Добавить в цитаты Настройки чтения

Страница 33 из 45



Отлично, стало быть, я его перехитрил. Теперь они прибегнут к последнему средству. Они теперь примутся за меня. Начинается война. Обстановка, по крайней мере, ясна. Я буду драться, как лев. Я собью с ног всю эту банду, смету их в одну кучу и брошу под колеса поезда, прибывающего в тринадцать двадцать…

Теперь они мне больше ничем не помешают. Они довели меня до крайности, хотят отнять у меня мою последнюю секунду. Но они уже ничего себе больше не купят. Даже часов, до сих пор они все время охотились за часами. За мои двести книг я получил в общем и целом три фунта чая, это были великолепные книги.
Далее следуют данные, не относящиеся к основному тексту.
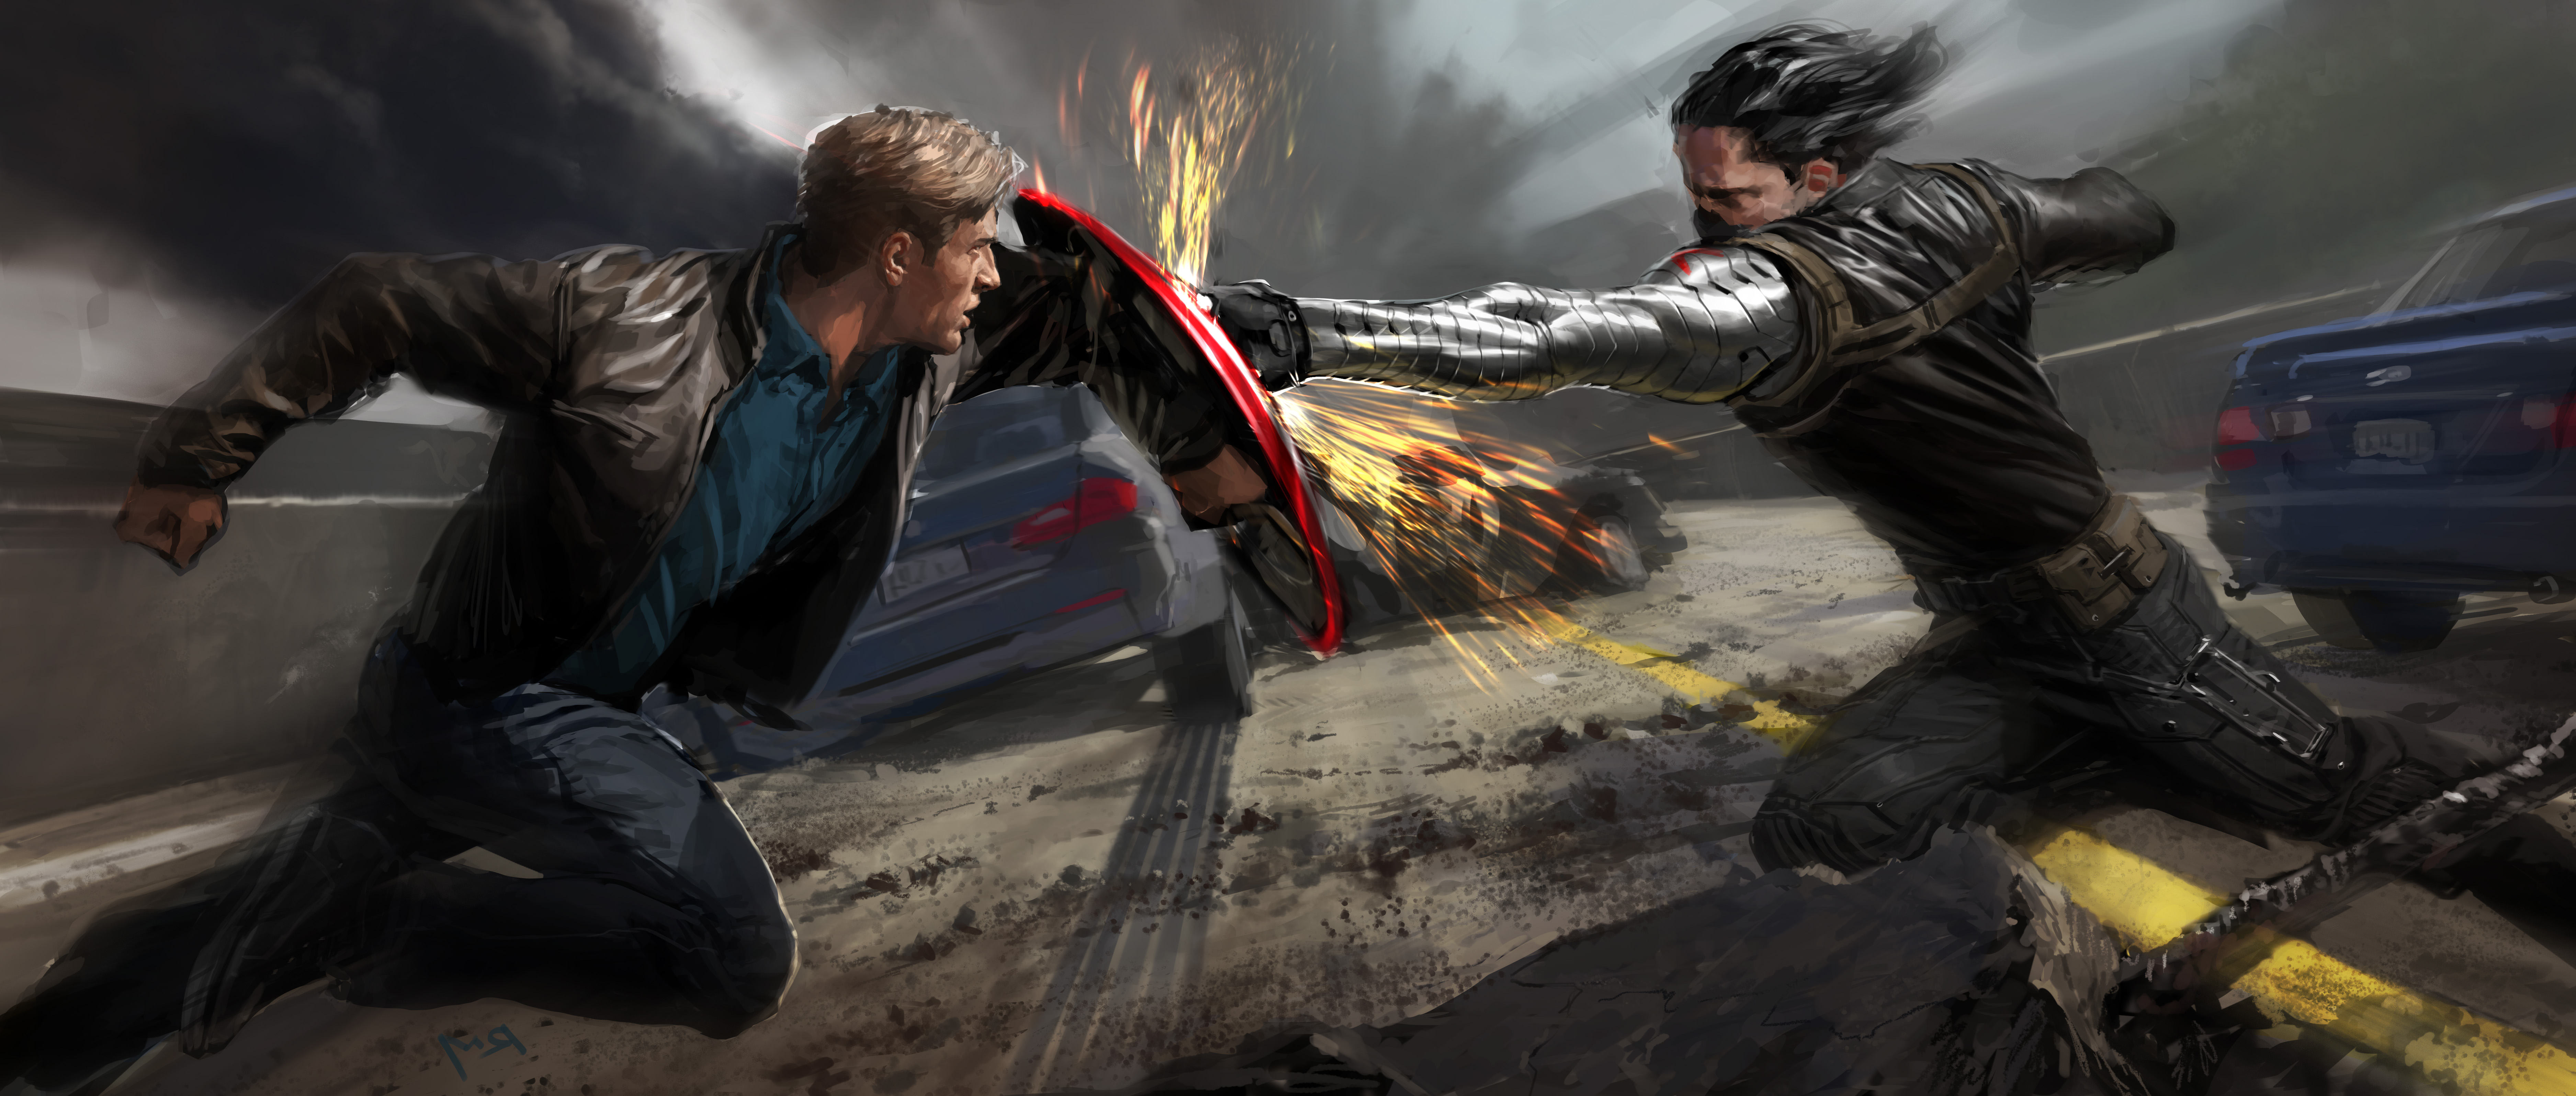 7500x3192 Héroes del cómic Captain America: The Winter Soldier Pelear Dos superhéroes, 2 Película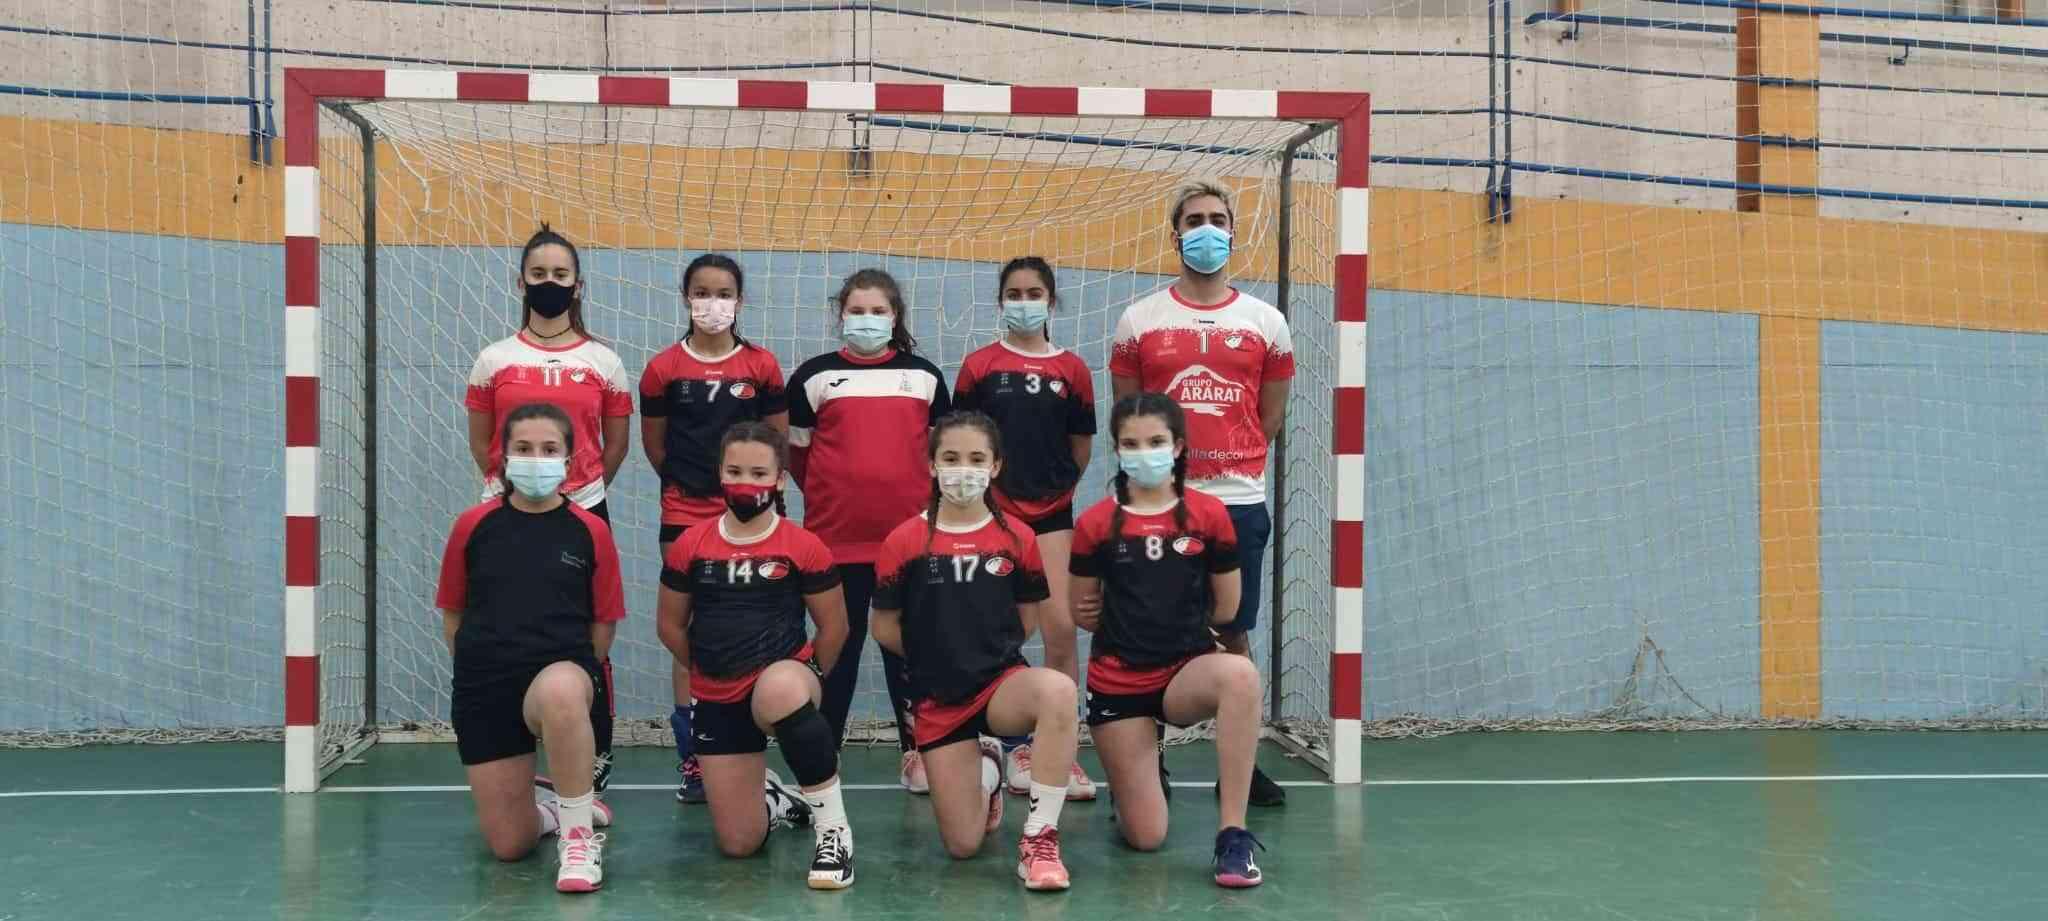 Balonmano en la semana del deporte escolar en Herencia 6

На мой вкус они великолепны. Когда-то я очень интересовался литературой, но получить за двести книг три фунта чая — это же просто грабеж; взамен постельного белья я получил немного хлеба, украшений моей матери хватило, чтобы прожить целый месяц, а ведь человеку надо безумно много, в особенности если он ходит по острию ножа. Для трех месяцев и четырех дней — долгий срок — ему требуется необычайно много.

В конце концов, остались еще часы отца. Часы имеют свою ценность, никто не может отрицать их ценности; может, вырученных денег хватит на обратный путь? Быть может, у кондуктора доброе сердце и он позволит мне в обмен на часы проехать домой, а может быть, может быть, мне придется купить два обратных билета. Господи!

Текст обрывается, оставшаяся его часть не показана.